== GOAL OF THE EXERCISE ==
Drop the images. Copy every line below character for character.

== GIVEN INFORMATION ==
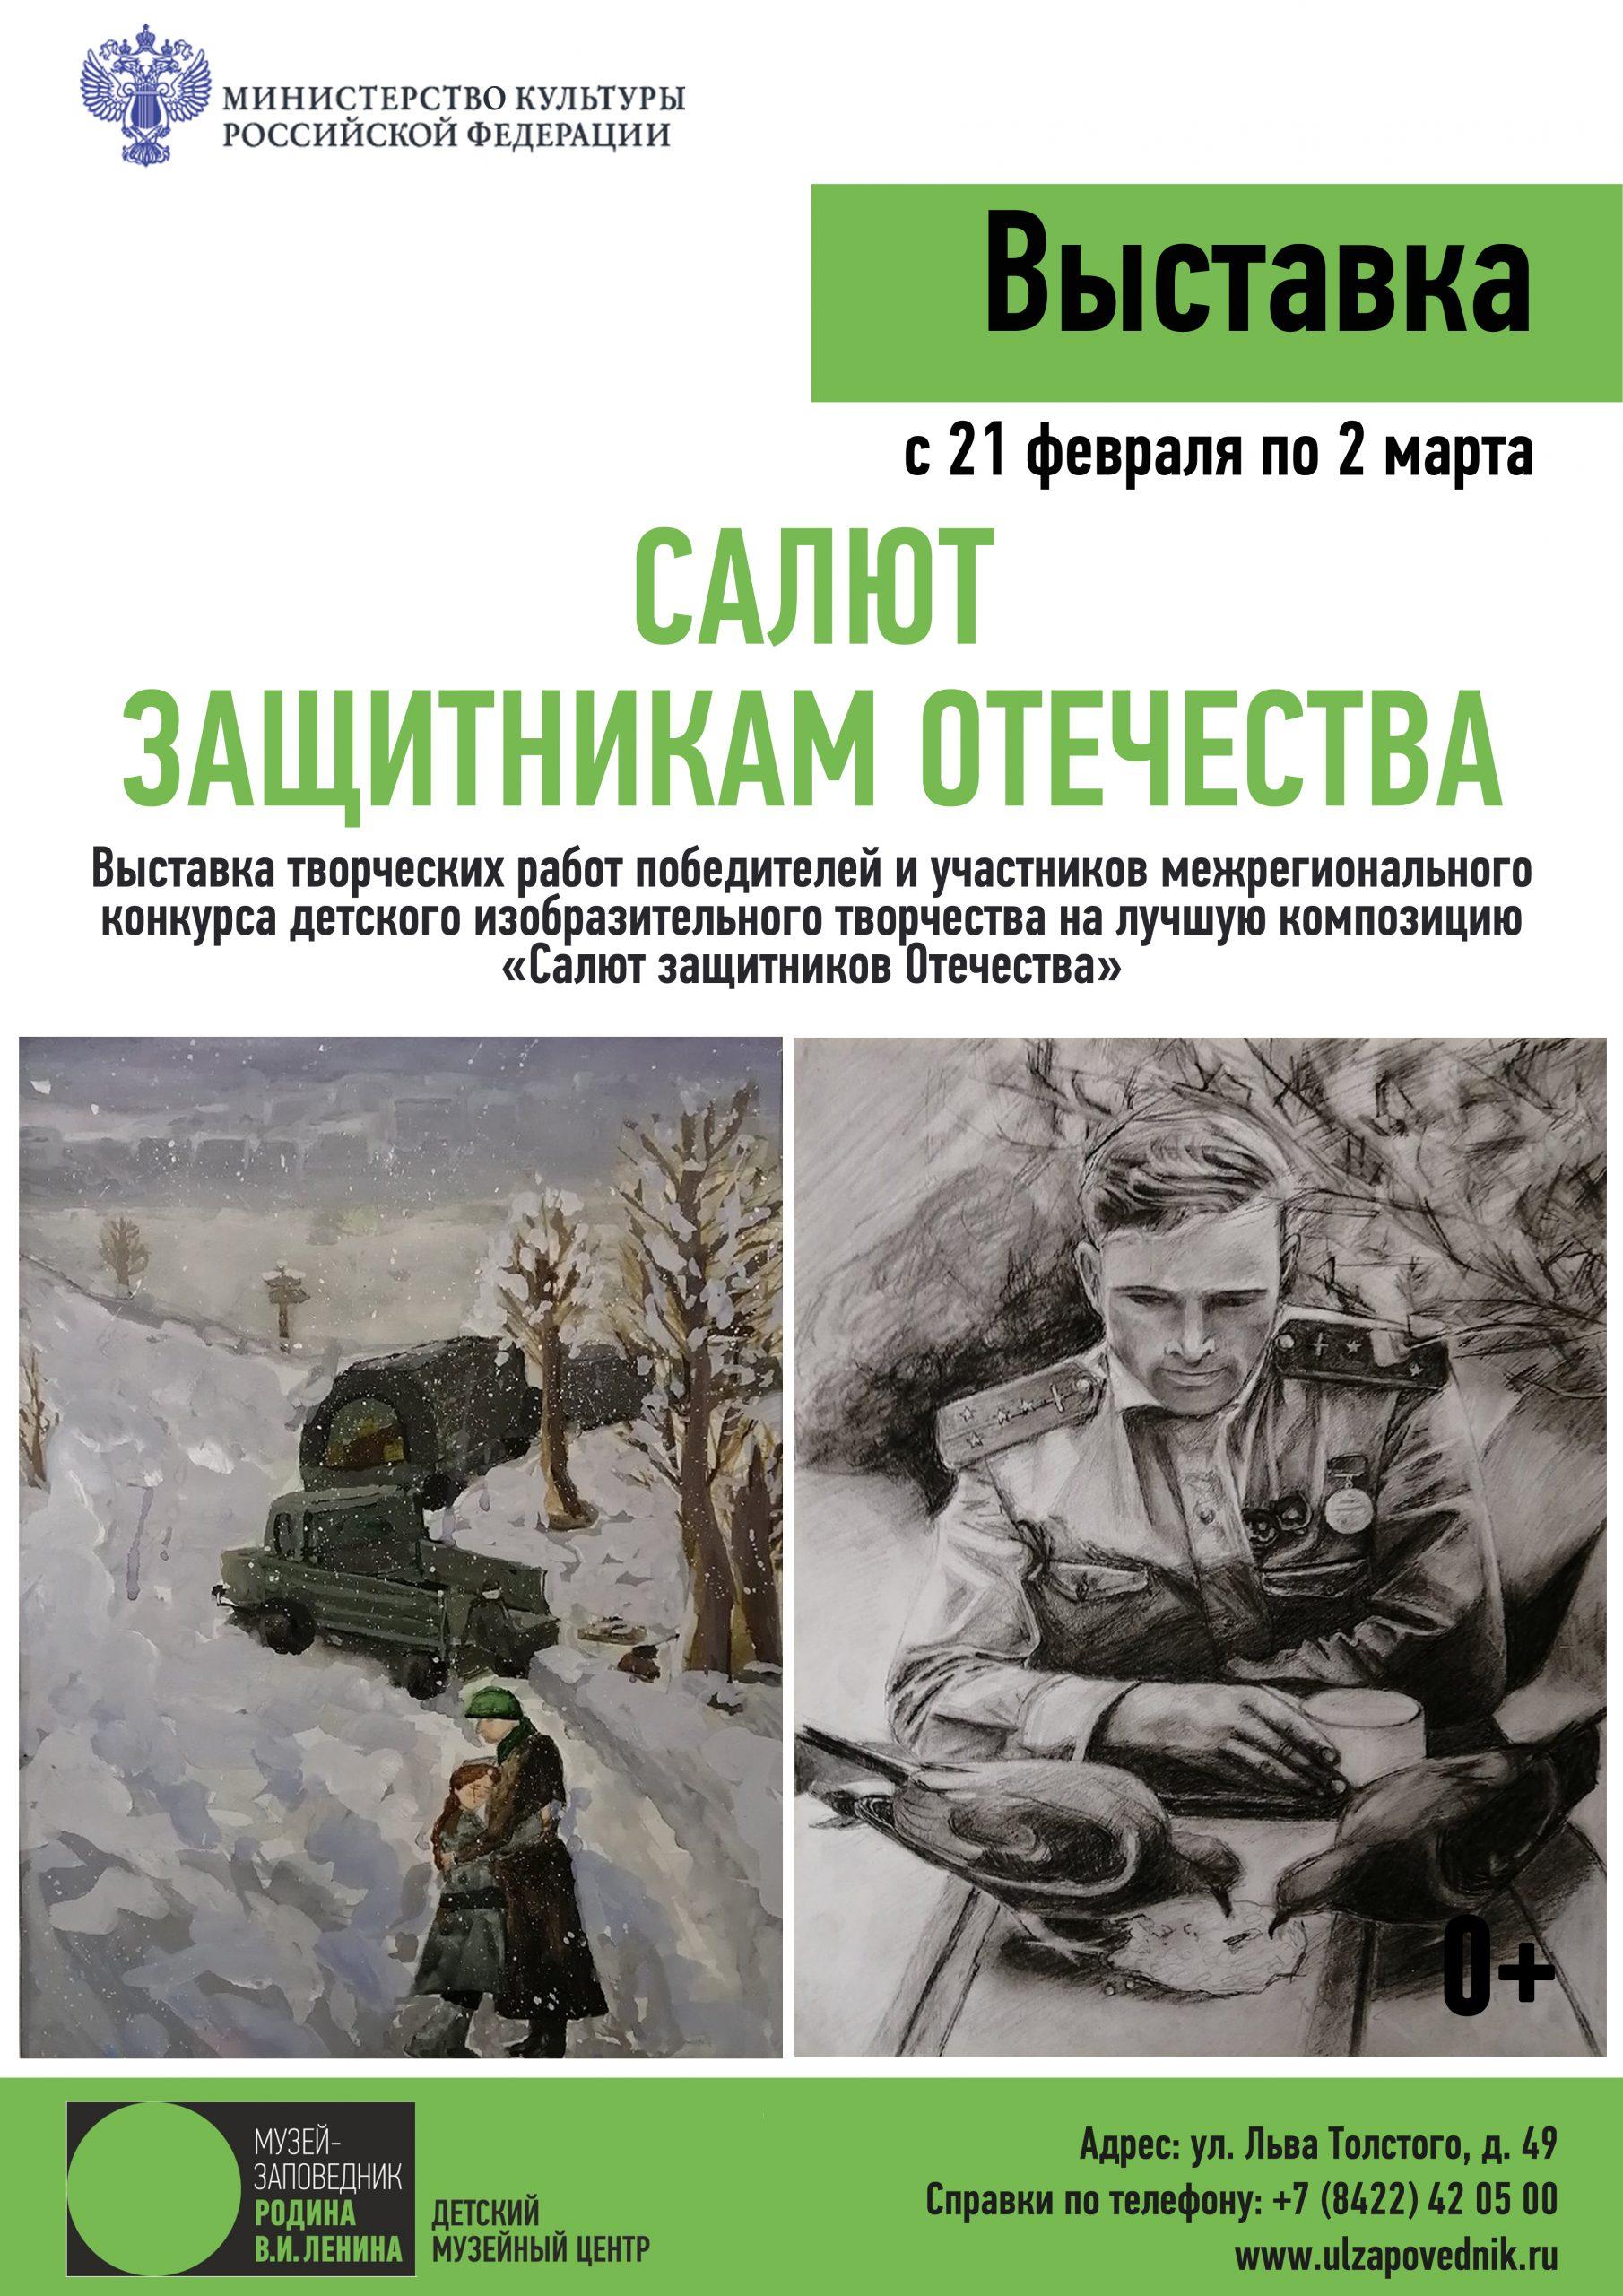 Выставка «Салют защитникам Отечества» @ в Детском музейном центре (ул. Льва Толстого, д. 49)
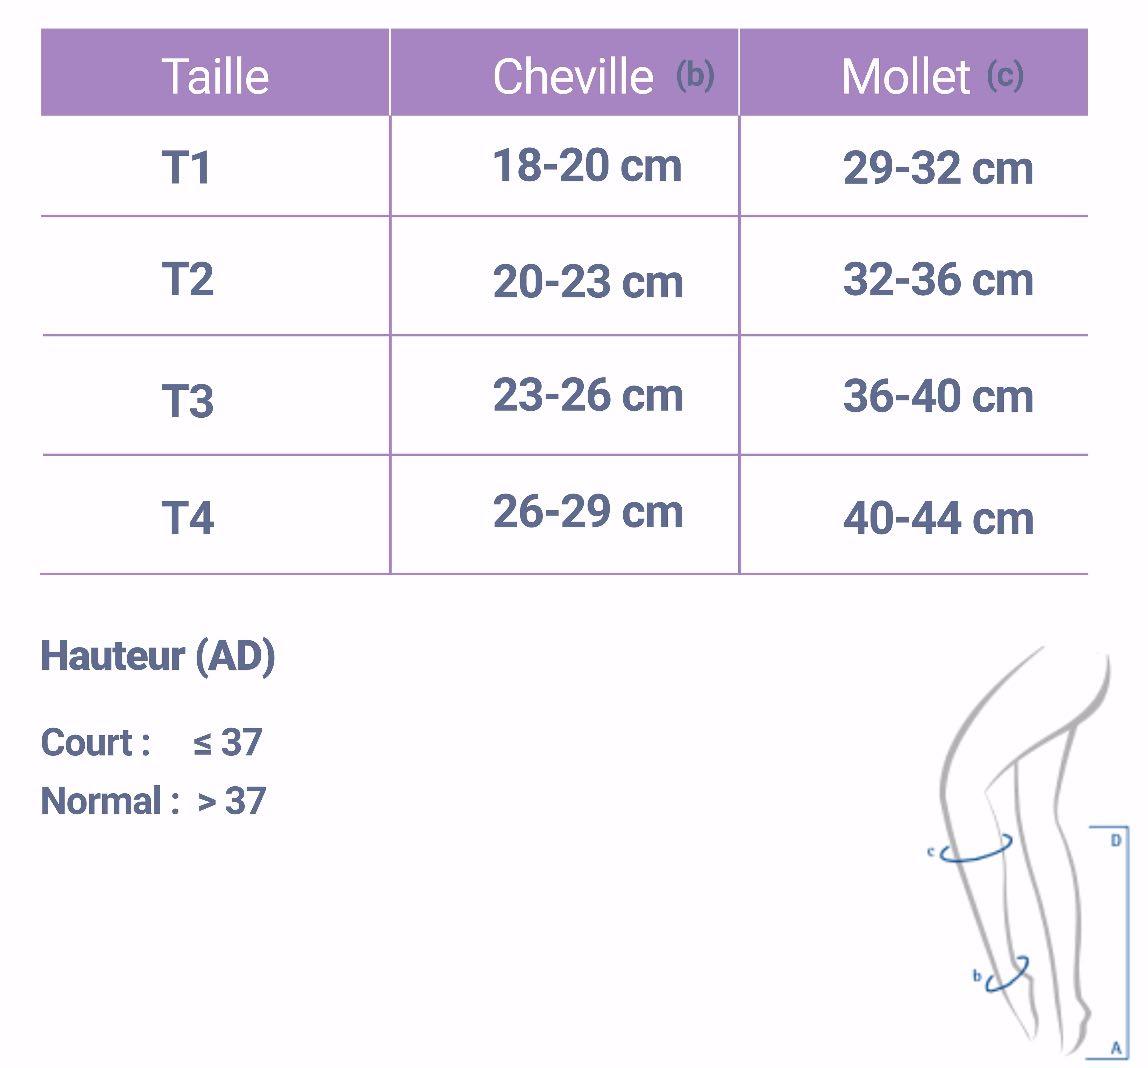 tableau de taille des chaussettes de contention ethere classe 3 varisan
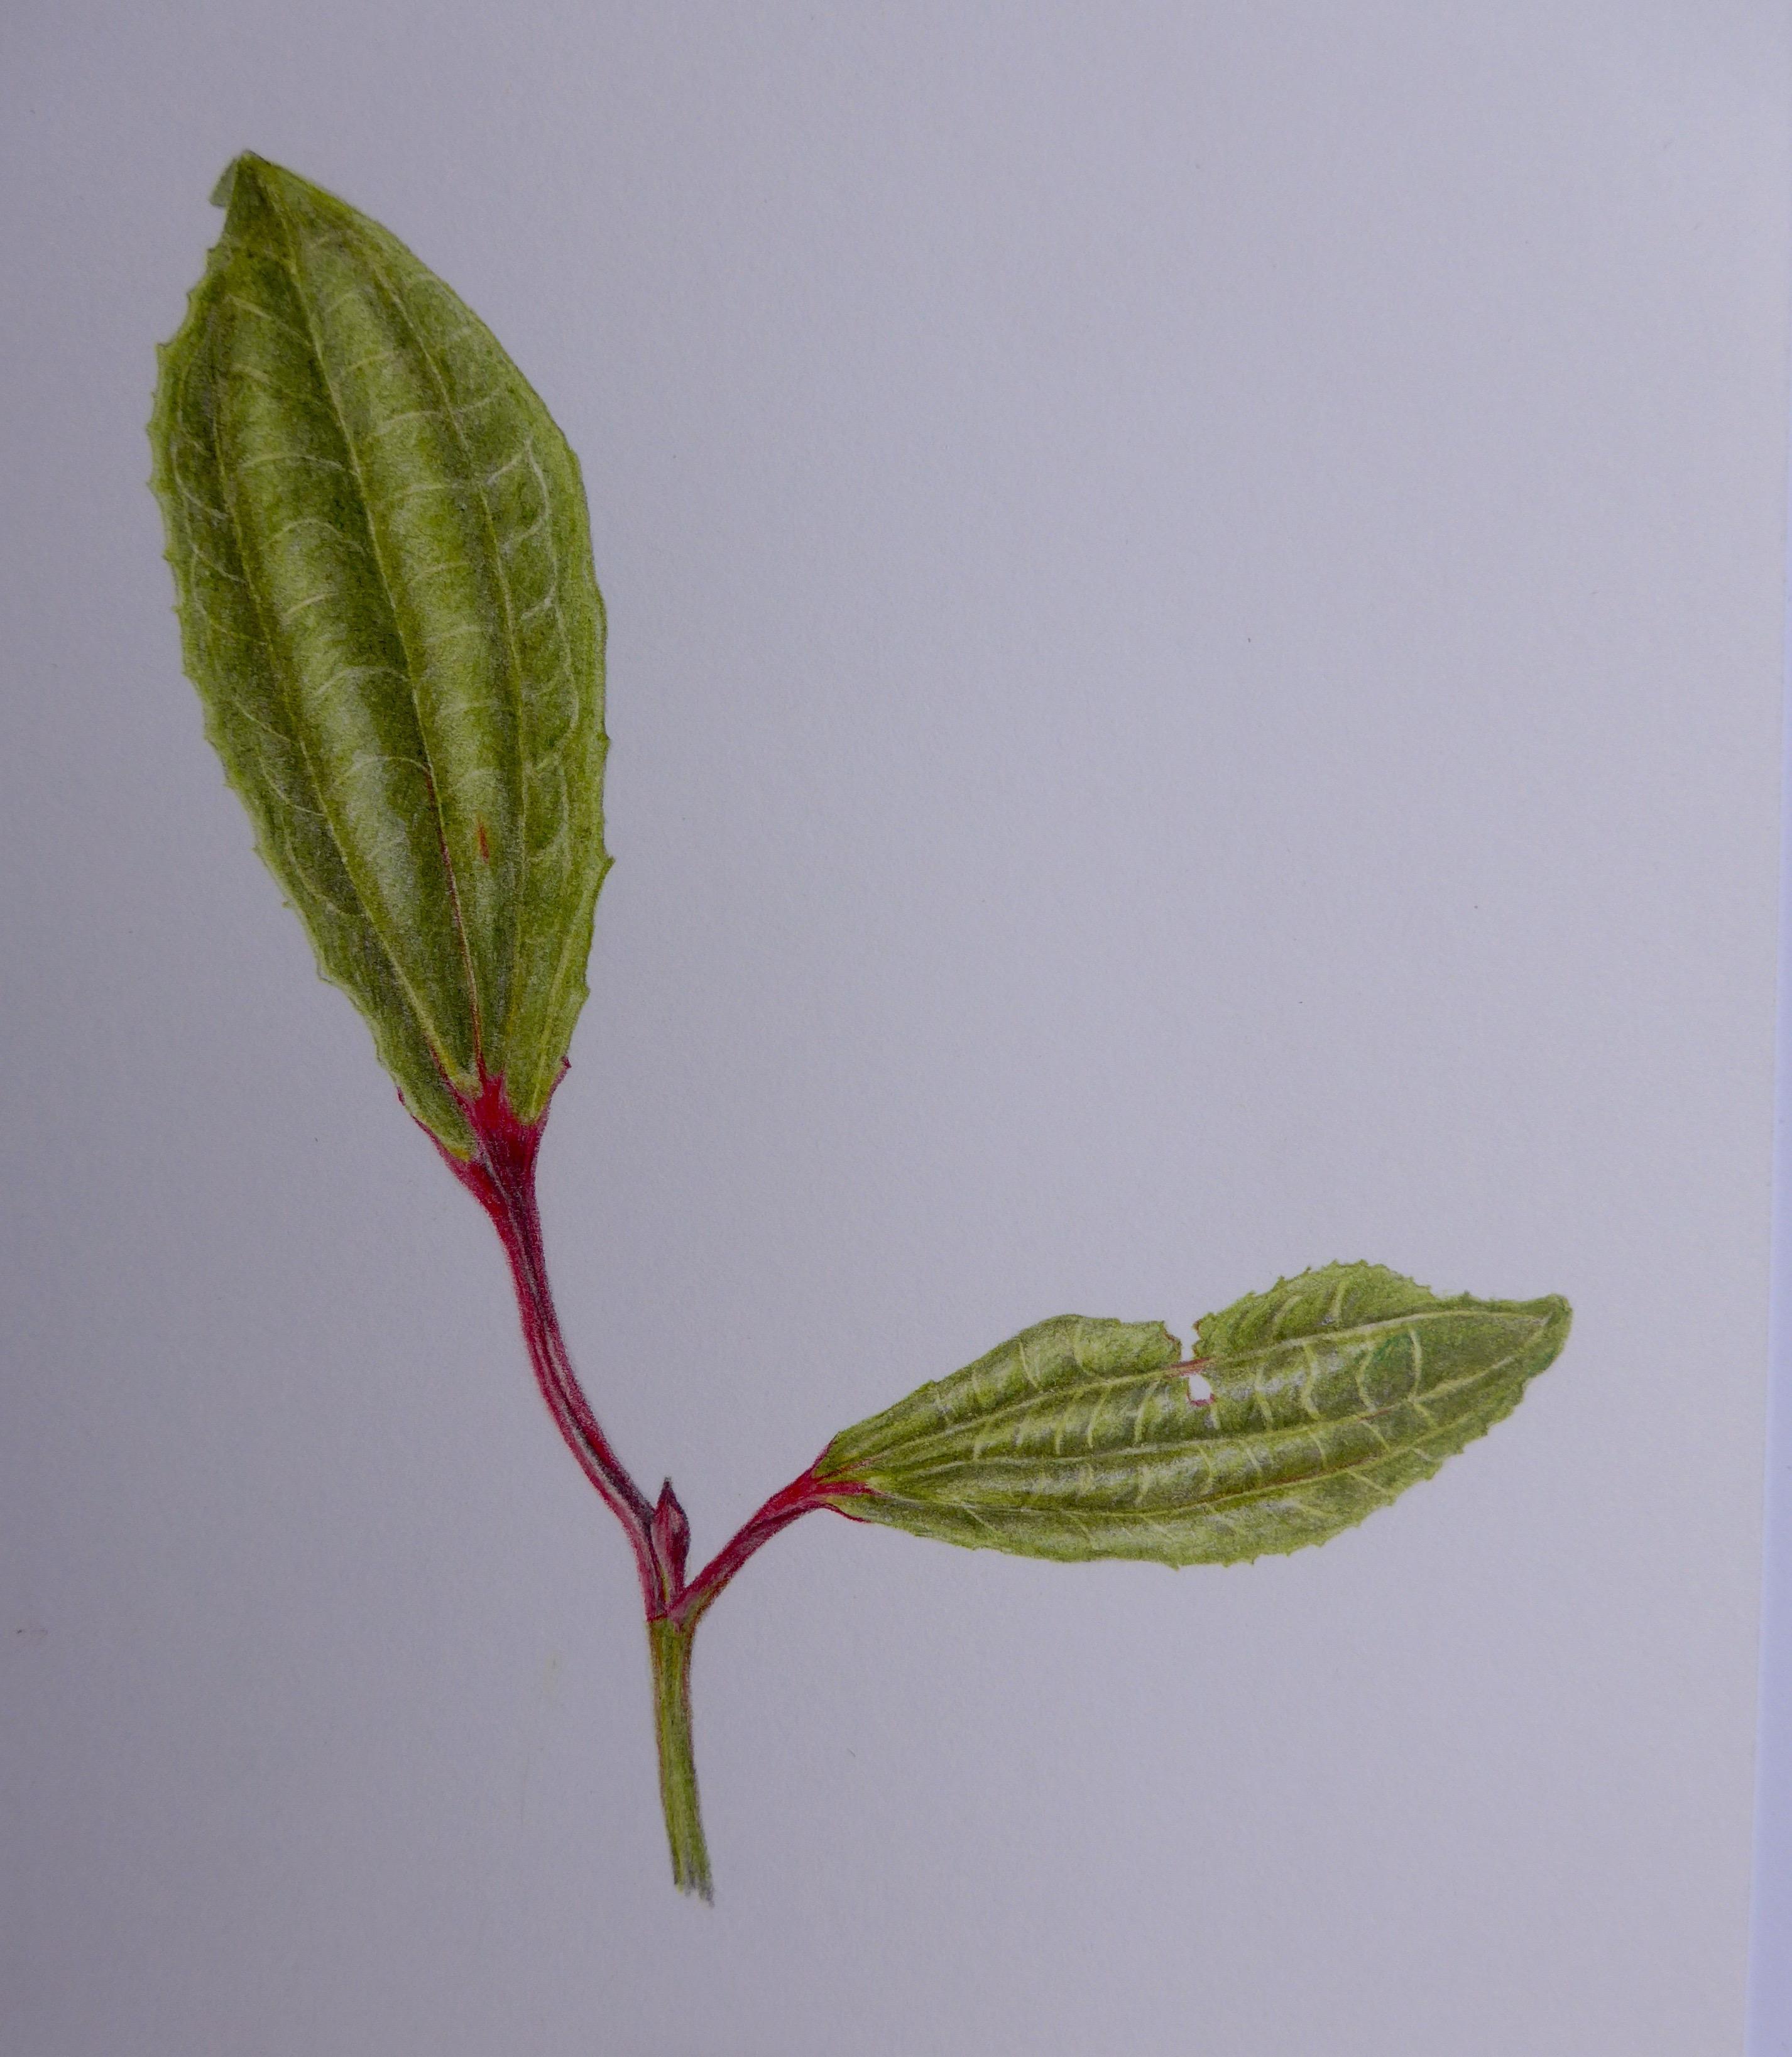 290 Unknown shrub leaf

== TASK SOLUTION ==
 Выставка «Салют защитникам Отечества» @ в Детском музейном центре (ул. Льва Толстого, д. 49)
 tableau de taille des chaussettes de contention ethere classe 3 varisan
 290 Unknown shrub leaf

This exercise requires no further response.